> _Given information_:
■ ■ ■ ■ ■ ■ ■

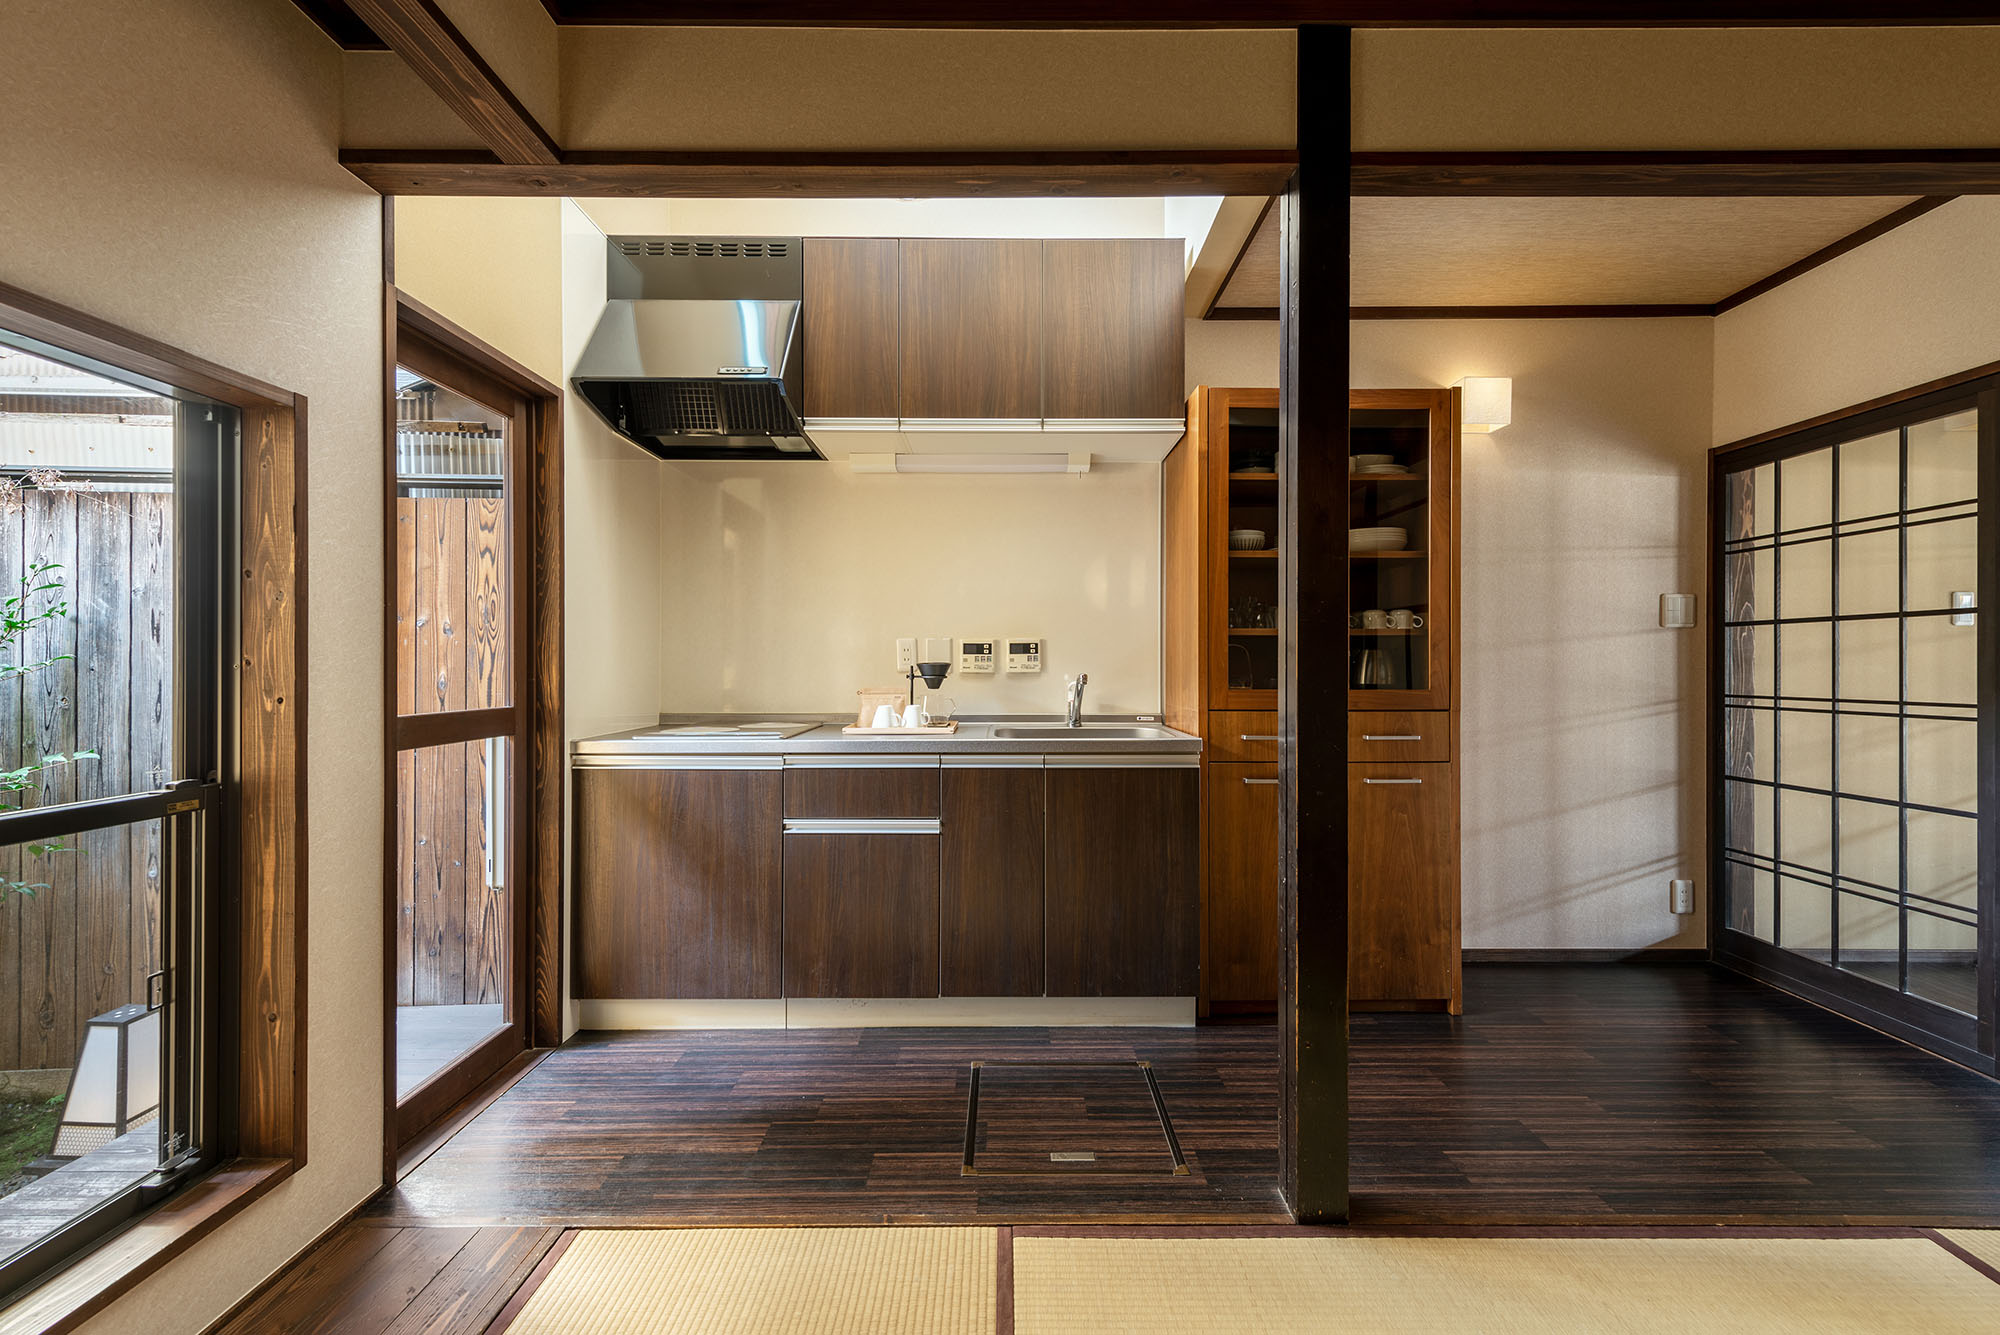 Hibukuro – Machiya House Features
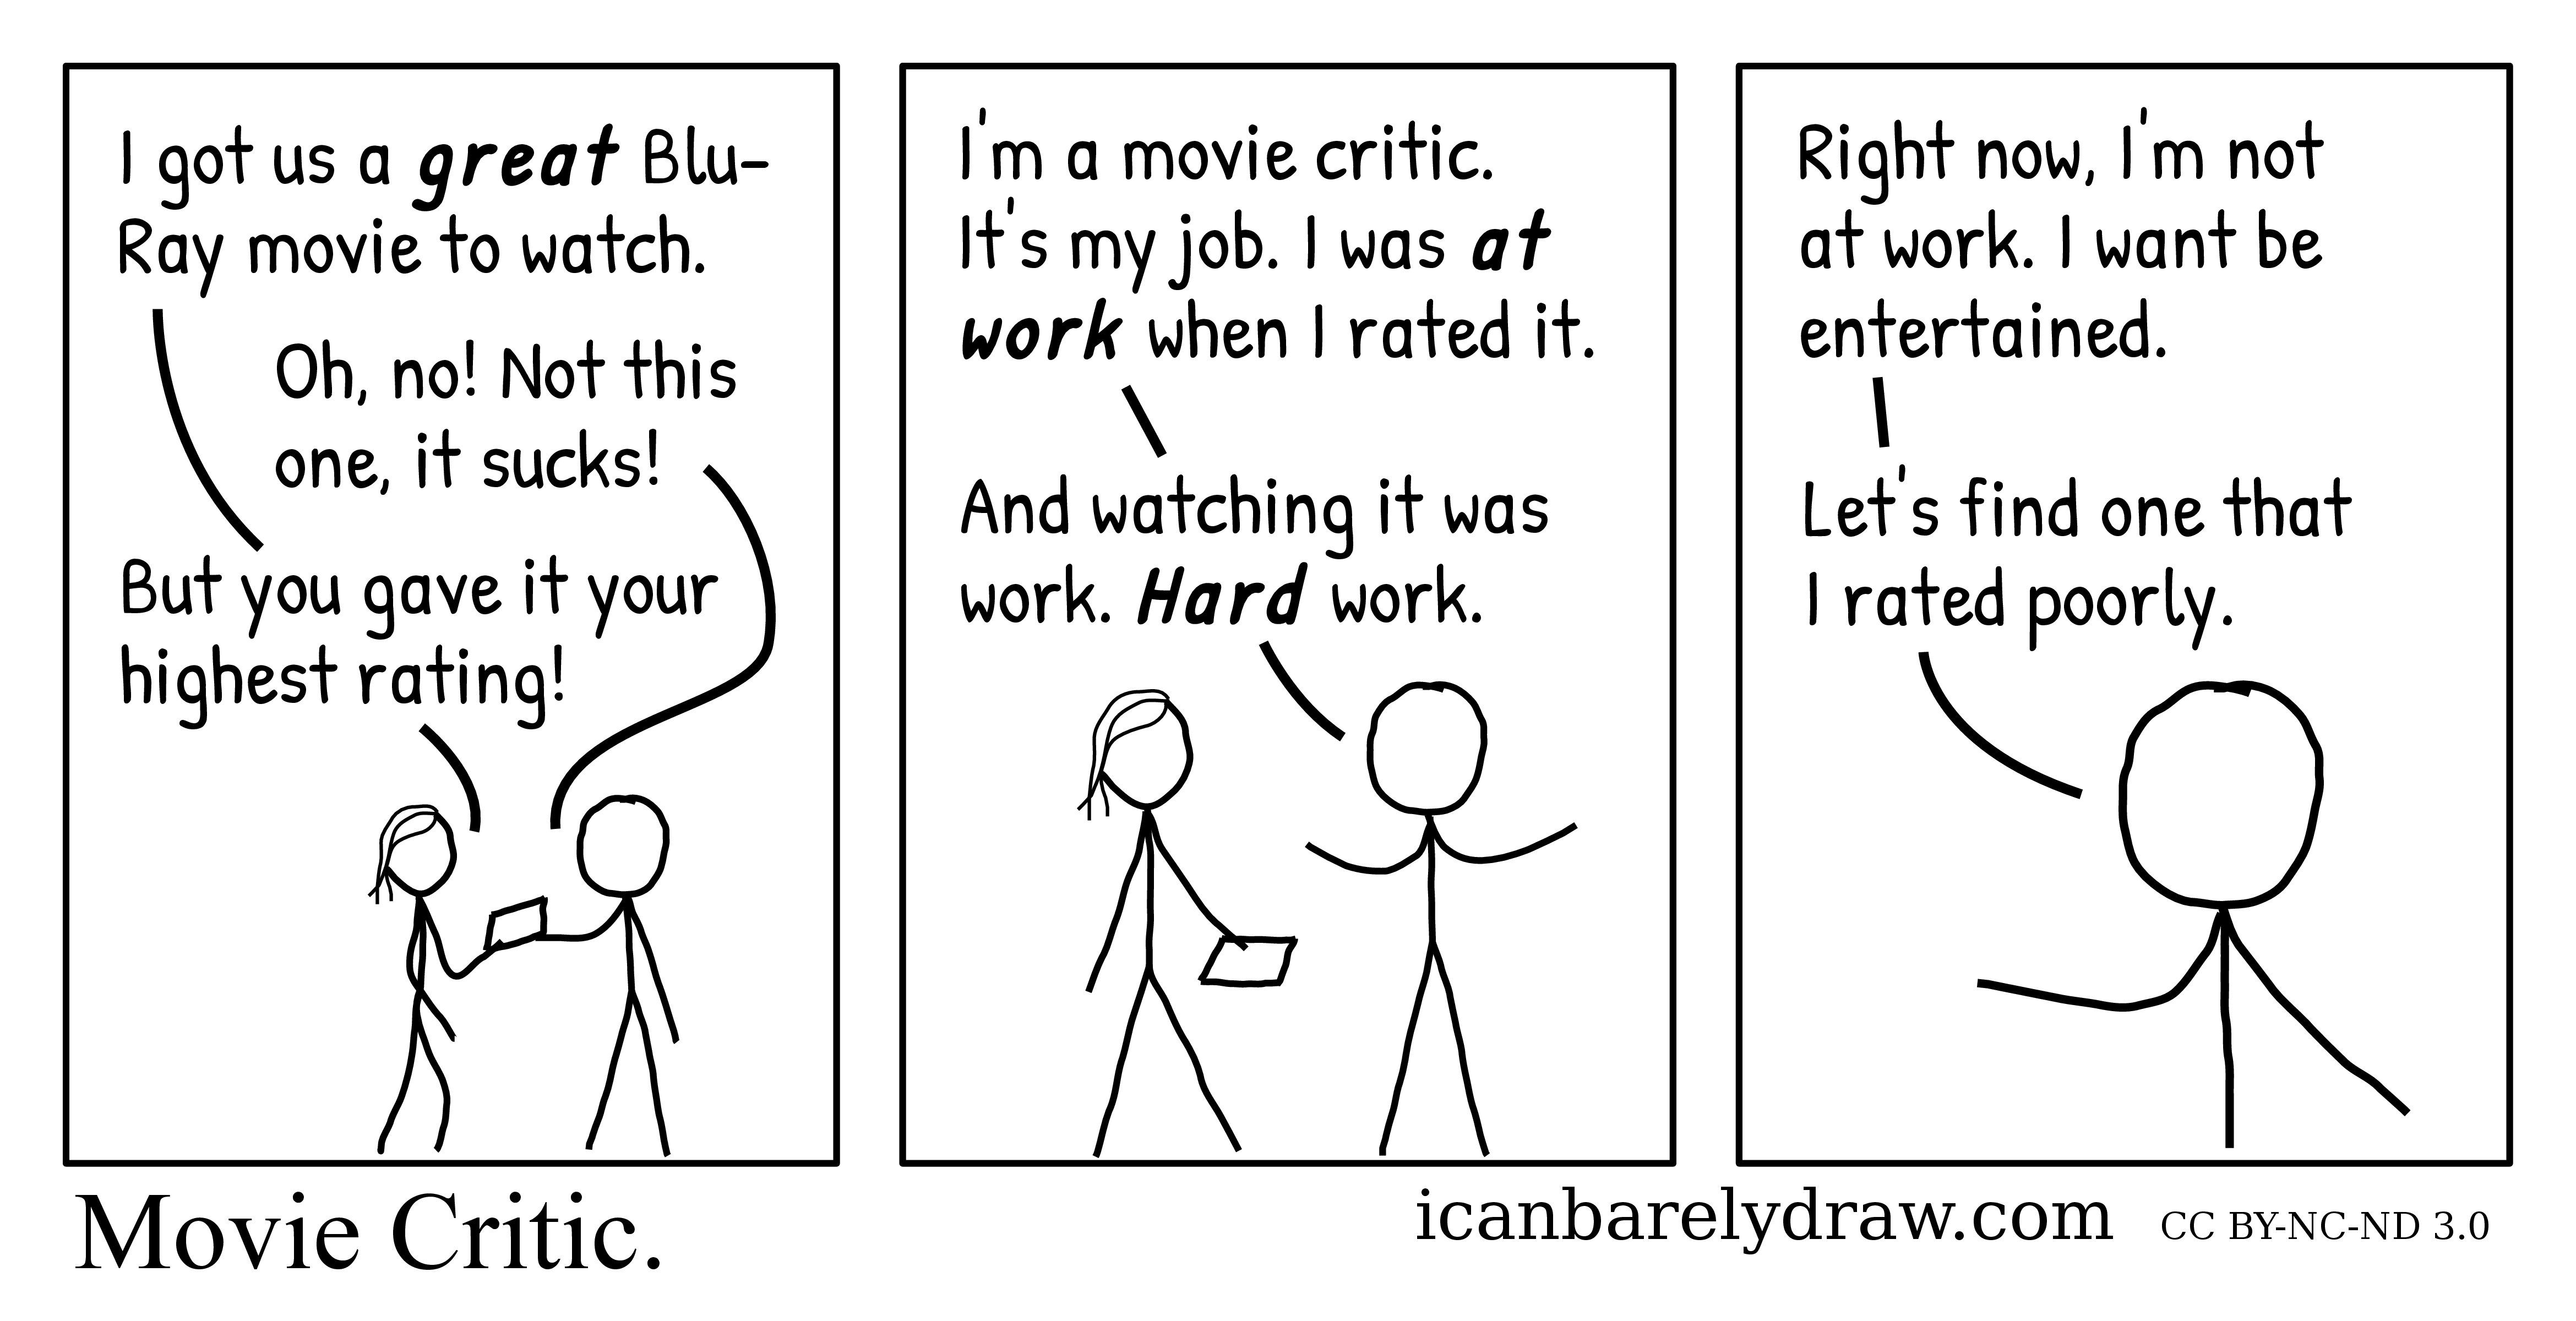 Movie critic
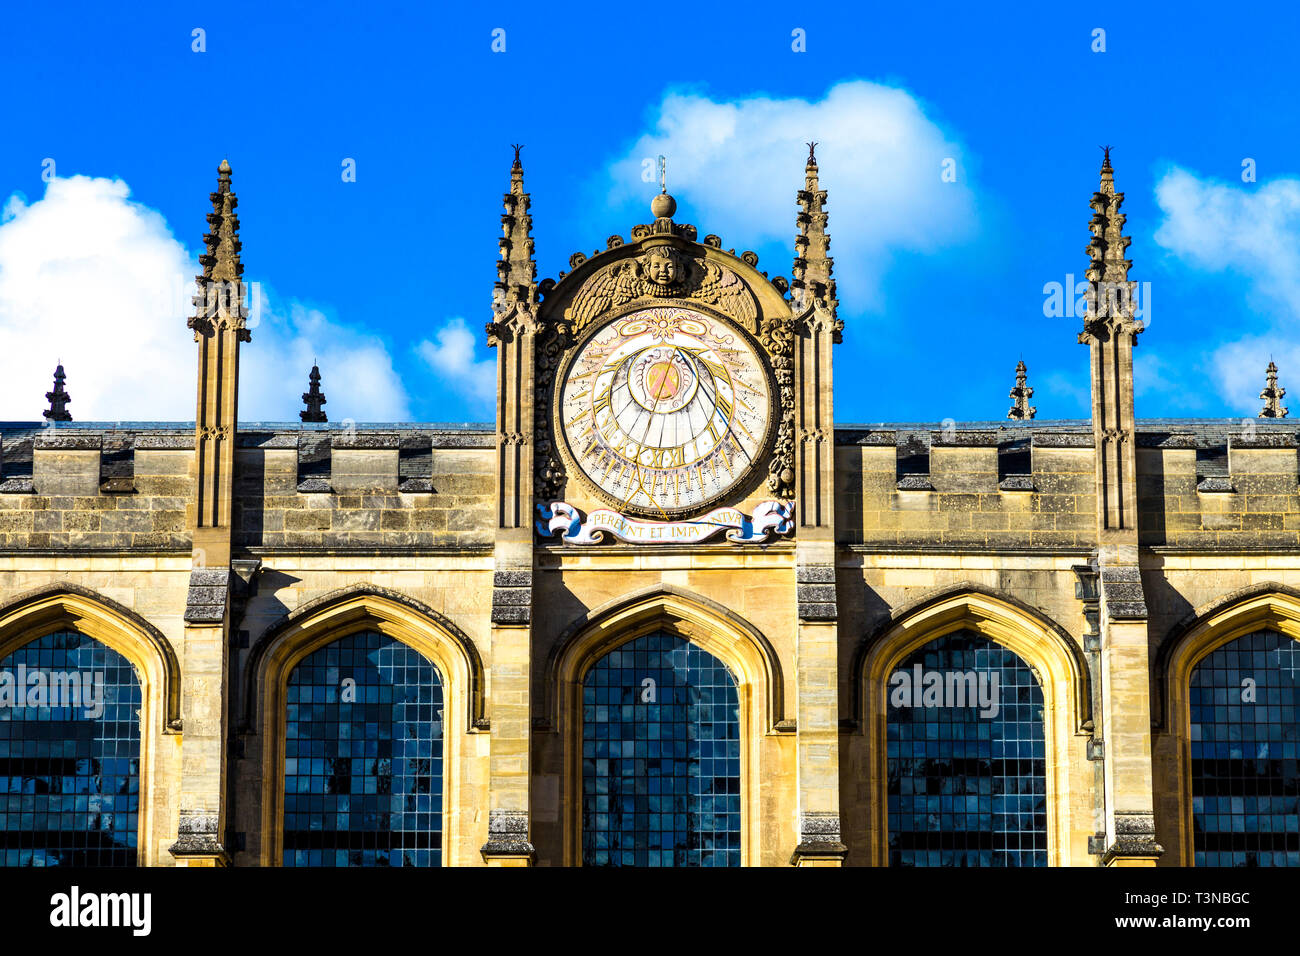 Close-up de la façade et de l'horloge astronomique de bibliothèque Codrington, All Souls College, Oxford, UK Banque D'Images

■ ■ ■ ■ ■ ■ ■

> _Directions_:
The response should reproduce all the material above exactly and leave out its pictures.

> _Task output_:
 Hibukuro – Machiya House Features
 Movie critic
 Close-up de la façade et de l'horloge astronomique de bibliothèque Codrington, All Souls College, Oxford, UK Banque D'Images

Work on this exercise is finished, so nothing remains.